In general, if I have a model and make a prediction for t+1, observe y_{t+1}, it does not feel clear how I would use the trained model and the new observation to make a prediction for t+2.
# Init
library(tidyverse)
library(fable)
#> Loading required package: fabletools
# Prepare data
us_accidental_deaths <- as_tsibble(USAccDeaths)
deaths_train <- head(us_accidental_deaths, -24)
deaths_test <- tail(us_accidental_deaths, 24)
# Get models on training data
deaths_fits_0 <- deaths_train %>%
model(ets = ETS(value))
##############
# Normal way #
##############
# 'refit' without estimating new params/coefs on the new data
deaths_fits_1 <- deaths_fits_0 %>%
refit(deaths_test, reestimate = FALSE)
# what happens here if the test set is smaller than the seasonality windows?
# 1-step forecast accuracy on the test set?
deaths_fits_1 %>%
accuracy()
#> # A tibble: 1 x 10
#> .model .type ME RMSE MAE MPE MAPE MASE RMSSE ACF1
#> <chr> <chr> <dbl> <dbl> <dbl> <dbl> <dbl> <dbl> <dbl> <dbl>
#> 1 ets Training 30.4 142. 111. 0.334 1.24 0.428 0.416 -0.105
# The 1-step forecasts?
fitted(deaths_fits_1)
#> # A tsibble: 24 x 3 [1M]
#> # Key: .model [1]
#> .model index .fitted
#> <chr> <mth> <dbl>
#> 1 ets 1977 Jan 7770.
#> 2 ets 1977 Feb 6906.
#> 3 ets 1977 Mar 7680.
#> 4 ets 1977 Apr 8135.
#> 5 ets 1977 May 8964.
#> 6 ets 1977 Jun 9264.
#> 7 ets 1977 Jul 10457.
#> 8 ets 1977 Aug 9547.
#> 9 ets 1977 Sep 8520.
#> 10 ets 1977 Oct 8660.
#> # ... with 14 more rows
################
# Using a loop #
################
# Initialise fit
death_fits_2 <- deaths_fits_0
# List to store 1 step forecasts in
test_forecasts_list <- list()
# Begin loop
for (i in 1:length(unique(deaths_test$index))){
# 1 step forecast
one_step_fc <- death_fits_2 %>%
forecast(h = 1)
# store
test_forecasts_list[[i]] <- one_step_fc
# refit using the newly observed datapoint
death_fits_2 <- deaths_fits_0 %>%
refit(
bind_rows(
deaths_train,
deaths_test %>%
arrange(index) %>%
slice_head(n=i)
),
reestimate=FALSE
)
}
test_forecasts_2 <- bind_rows(test_forecasts_list)
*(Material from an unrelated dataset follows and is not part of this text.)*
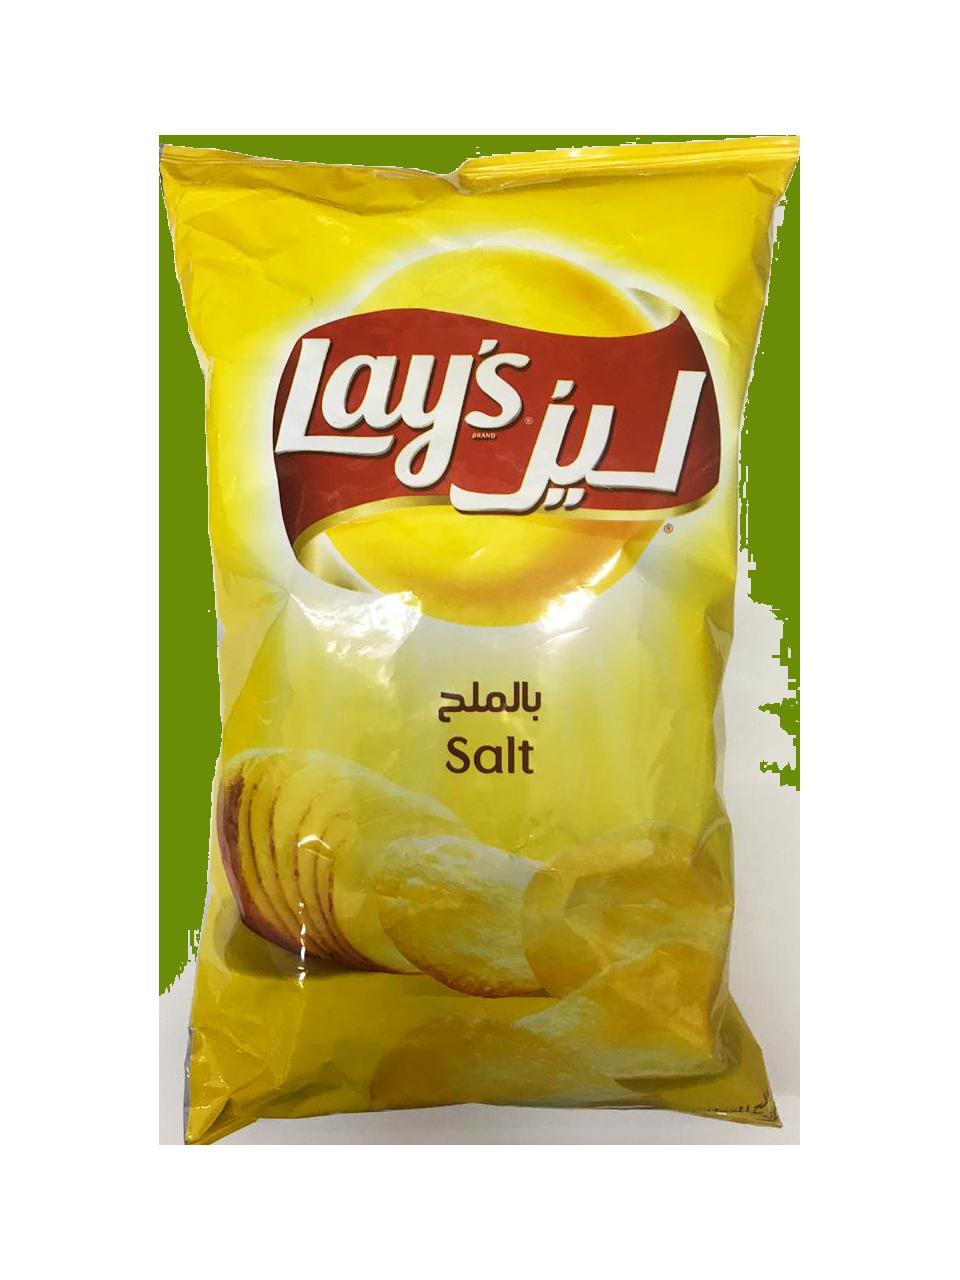 Lays Salt 185g (Big)
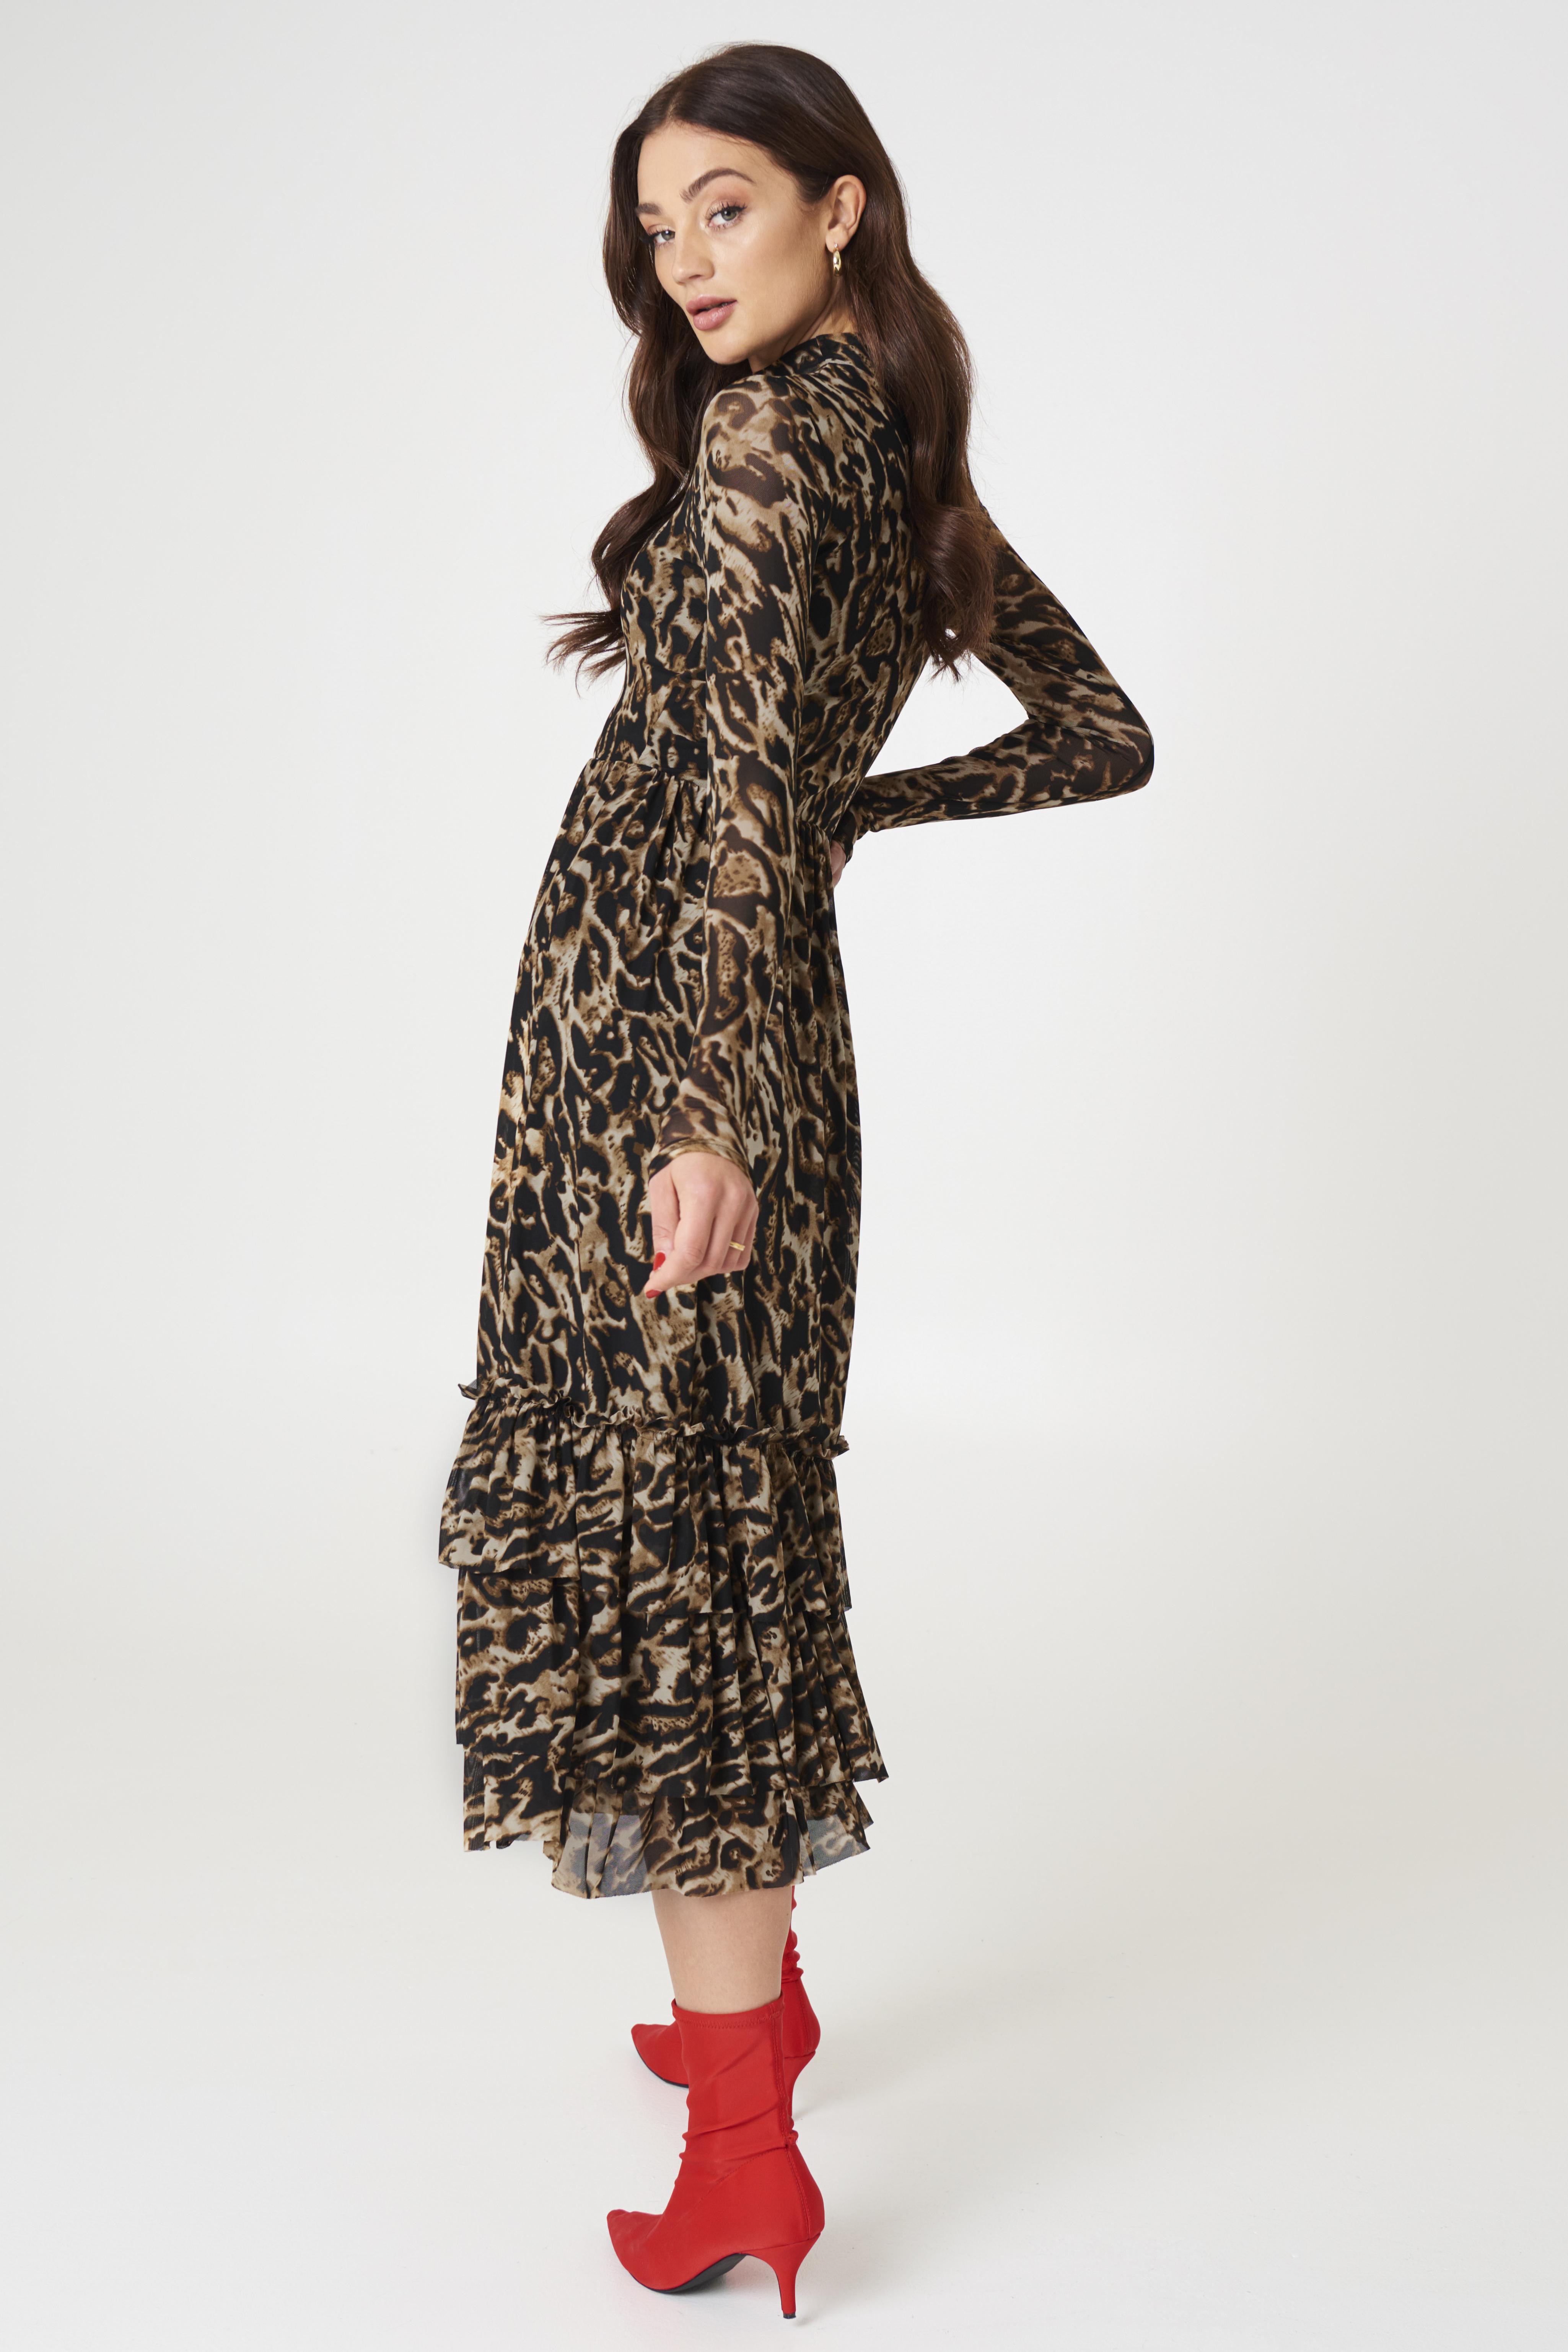 Dresses | Shop Party dresses, Beachwear & Caftans | na-kd.com

# 1-step forecast accuracy over test set
test_forecasts_2 %>%
accuracy(data=us_accidental_deaths)
#> # A tibble: 1 x 10
#> .model .type ME RMSE MAE MPE MAPE MASE RMSSE ACF1
#> <chr> <chr> <dbl> <dbl> <dbl> <dbl> <dbl> <dbl> <dbl> <dbl>
#> 1 ets Test 37.0 255. 194. 0.308 2.19 0.352 0.380 -0.305
# 1-step forecasts
test_forecasts_2
#> # A fable: 24 x 4 [1M]
#> # Key: .model [1]
#> .model index value .mean
#> <chr> <mth> <dist> <dbl>
#> 1 ets 1977 Jan N(7837, 110265) 7837.
#> 2 ets 1977 Feb N(7129, 95555) 7129.
#> 3 ets 1977 Mar N(7783, 93292) 7783.
#> 4 ets 1977 Apr N(7912, 91760) 7912.
#> 5 ets 1977 May N(8894, 89411) 8894.
#> 6 ets 1977 Jun N(9418, 87442) 9418.
#> 7 ets 1977 Jul N(10072, 85241) 10072.
#> 8 ets 1977 Aug N(9891, 89234) 9891.
#> 9 ets 1977 Sep N(8388, 93841) 8388.
#> 10 ets 1977 Oct N(8679, 91768) 8679.
#> # ... with 14 more rows
Created on 2022-05-31 by the reprex package (v2.0.1)
There are two groups of parameters in an ETS model, the initial states and the smoothing parameters. It rarely makes any sense to use the original initial states and apply them to a different time period, so by default refit()
re-estimates the initial states but keeps the smoothing parameters in the model provided.
In your first attempt, the initial states are being re-estimated at the start of the test data, while in your loop, the initial states are being re-estimated in every iteration.
What you probably want is not to re-estimate anything, but to see how well your model is doing on the test set. You can do that by refitting your model to the training and test set combined, and then to filter out the results on the test set. Like this:
# 'refit' without estimating new params/coefs on all data
deaths_fits_1 <- deaths_fits_0 %>%
refit(us_accidental_deaths, reinitialise=FALSE)
# 1-step forecasts on the test set
deaths_fits_1 %>%
fitted() %>%
tail(24)
That also avoids the problem of generating an error when the test set is smaller than the seasonal period.